Chris Booker

Personal information
- Born: October 24, 1981 (age 44) Fort Worth, Texas, U.S.
- Listed height: 6 ft 10 in (2.08 m)
- Listed weight: 250 lb (113 kg)

Career information
- High school: Diamond Hill-Jarvis (Fort Worth, Texas)
- College: Tyler JC (2000–2002); Purdue (2002–2004);
- NBA draft: 2004: undrafted
- Playing career: 2004–2016
- Position: Power forward / center

Career history
- 2004–2005: Fenerbahçe
- 2006–2007: Tofas
- 2007–2008: Union Olimpija
- 2008–2009: Energa Czarni Słupsk
- 2009: ASU
- 2009–2010: Khimik Yuzhny
- 2010: Energa Czarni Słupsk
- 2010–2011: Krka
- 2011–2012: Telenet Oostende
- 2012–2013: Panionios
- 2013–2015: Krka
- 2015: Entente Orleans 45
- 2015–2016: Igokea
- 2016: Zlatorog Laško

Career highlights
- EuroChallenge champion (2011); 3× Slovenian League champion (2008, 2011, 2014); Belgian League champion (2012); 3× Slovenian Cup winner (2008, 2014, 2015); Bosnian Cup winner (2016); Slovenian Cup MVP (2015); Turkish League All-Star (2005);

= Chris Booker (basketball) =

American professional basketball player

Christopher Monroe Booker (born October 24, 1981) is an American former professional basketball player. He played as a 6 ft 10 in tall power forward-center.

==High school career==
As a four-year Letterman at Diamond Hill-Jarvis High School in Fort Worth, Texas, Booker averaged 24.0 points and 12.0 rebounds per game as a senior. He was named Fort Worth Player of the Year during his senior season. He earned First-Team All-District honors as a senior, and was also named District Player of the Year and Most Valuable Player in the Fort Worth district.

==College career==

===Junior college===
Booker attended Tyler Junior College in his freshman year, where he averaged 10.0 points and 10.0 rebounds per game. Improving in his sophomore season, he averaged 19.0 points and 11.0 rebounds per game, was and named All-Conference and Second Team All-American.

===Purdue===
Booker transferred for his junior season to play for Gene Keady at Purdue University, where he was named an All-Big Ten honorable mention by conference coaches, and was named to the All-Junior College Transfer Team. He led the Boilermakers in rebounding, averaging 5.7 per game. He also played in all 30 games, with 24 starts, and ranked third on the team in scoring, at 9.4 points per game. He led the squad in blocked shots, and shot 45.2 percent from the field, fourth-best on the team. He played 807 minutes, second-most on the team. He also set Purdue's record for blocks in a season.

==Professional career==
In August 2010, he signed with the Slovenian team BC Krka. With Krka he won the 2010–11 FIBA EuroChallenge.
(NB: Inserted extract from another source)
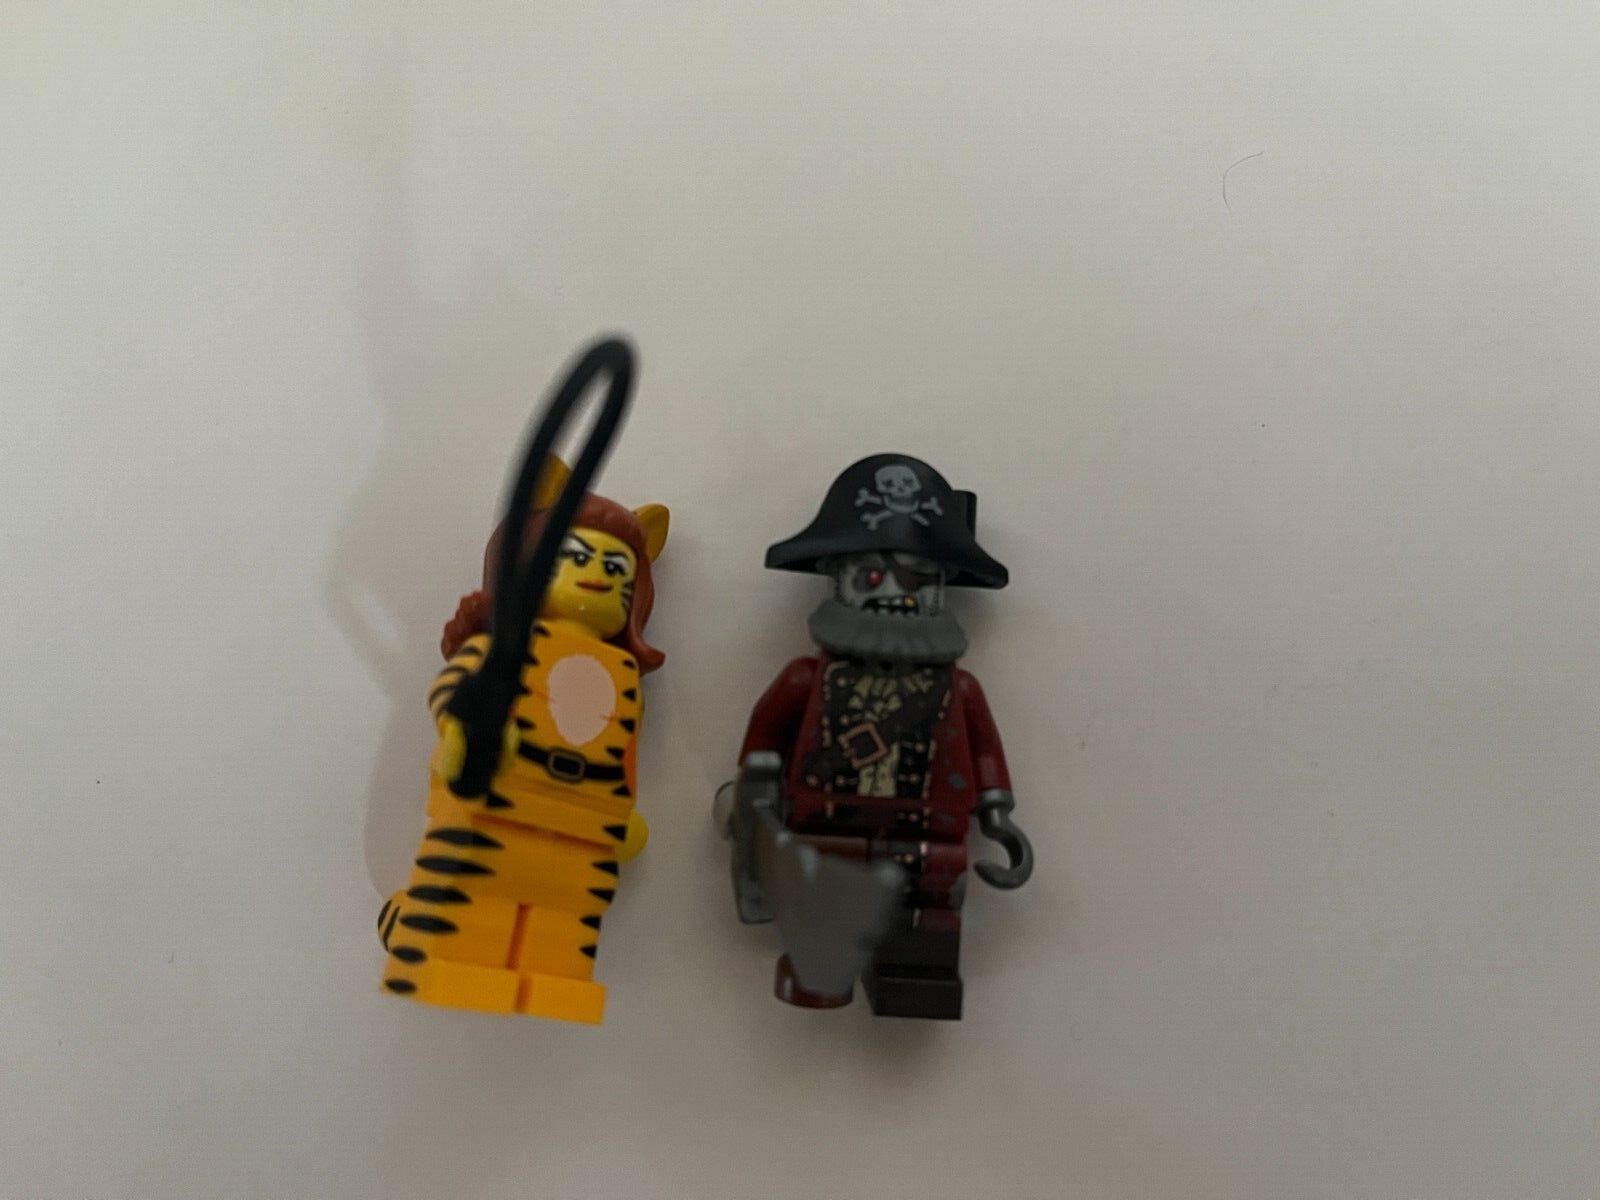 Tiger woman & Pirate Lego minifigures monsters series 14

In August 2011, he signed a two-year deal with the Belgian team Telenet Oostende. He left Oostende after one season.

For the 2012–13 season he signed with the Greek team Panionios.

In September 2013, he returned to his former team BC Krka signing a one-year deal. In July 2014, he extended his contract with Krka for one more season.

On October 9, 2015, Booker signed a deal with Entente Orleans 45 of the French top league, LNB Pro A.

On December 17, 2015, Booker signed a deal with KK Igokea. In March 2016, he left Igokea and signed with Zlatorog Laško for the rest of the season.